Летом 1942 года главные военные события сместились на юг; на нашем участке настало относительное затишье. Наши мысли были прикованы к напряженнейшей борьбе, развертывавшейся в излучине Дона, а все дни были заняты кропотливой работой в войсках.

В середине июля 1942 года Брянский фронт принял в командование К. К. Рокоссовский. И солдаты и генералы вздохнули с облегчением, мы сразу почувствовали руку опытного организатора. Мне представилась счастливая возможность несколько месяцев поработать рядом с выдающимся полководцем и его боевыми соратниками в самом штабе фронта.

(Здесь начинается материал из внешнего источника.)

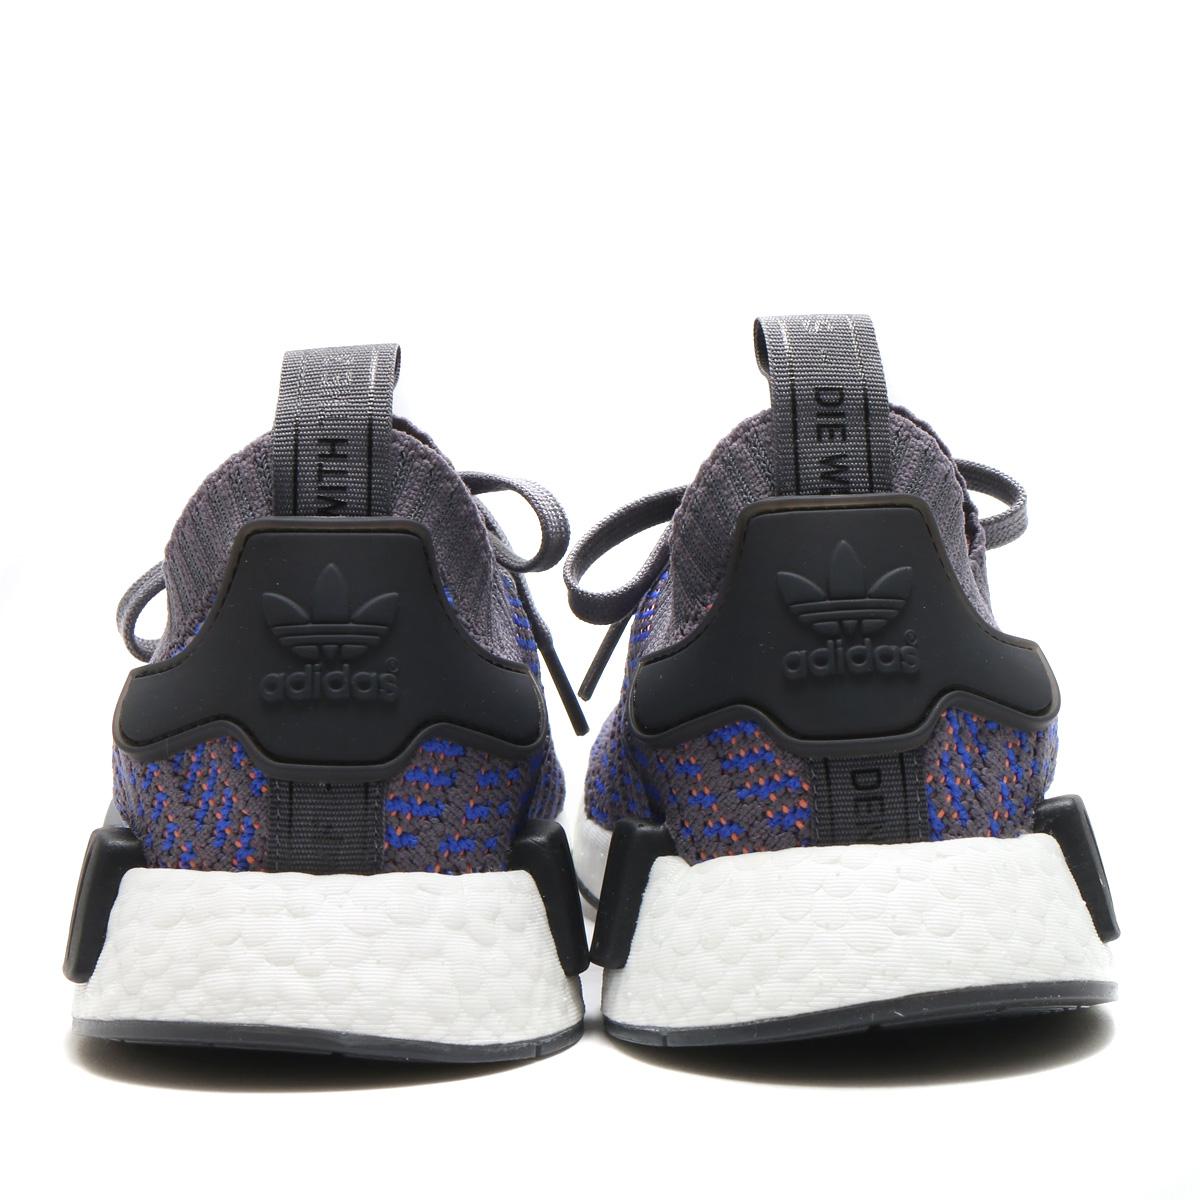 94e0f5cab adidas Originals NMD R1 STLT PK (Adidas originals N M D R1 STLT PK) Hi-Res  Blue Core Black Chalk Coral 18SS-I

Все работники управления считали службу с Константином Константиновичем Рокоссовским большой школой. Он не любил одиночества, стремился быть ближе к деятельности своего штаба. Чаще всего мы видели его у операторов или в рабочей комнате начальника штаба. Придет, расспросит, над чем товарищи работают, какие встречаются трудности, поможет советом, предложит обдумать то или другое положение. Все это создавало удивительно приятную рабочую атмосферу, когда не чувствовалось ни скованности, ни опасения высказать свое суждение, отличное от суждений старшего. Наоборот, каждому хотелось смелее думать, смелее действовать, смелее говорить. Одной из прекрасных черт командующего было то, что он в самых сложных условиях не только умел оценить полезную инициативу подчиненных, но и вызывал ее своей неутомимой энергией, требовательным и человечным обхождением с людьми. К этому нужно прибавить личное обаяние человека широких военных познаний и большой души. Строгая благородная внешность, подтянутость, выражение лица задумчивое, серьезное, с располагающей улыбкой в голубых, глубоко сидящих глазах. Преждевременные морщины на молодом лице и седина на висках говорили, что он перенес в жизни немало. Речь немногословна, движения сдержанные, но решительные. Предельно четок в формулировке боевых задач для подчиненных. Внимателен, общителен и прост.

С Константином Константиновичем Рокоссовским мне позже довелось работать долгие годы. Ныне его уже нет среди нас. Писать об этом трудно. Склоняю голову перед его светлой памятью. Бесконечно признателен ему за все, чем обогатила меня боевая служба под его руководством.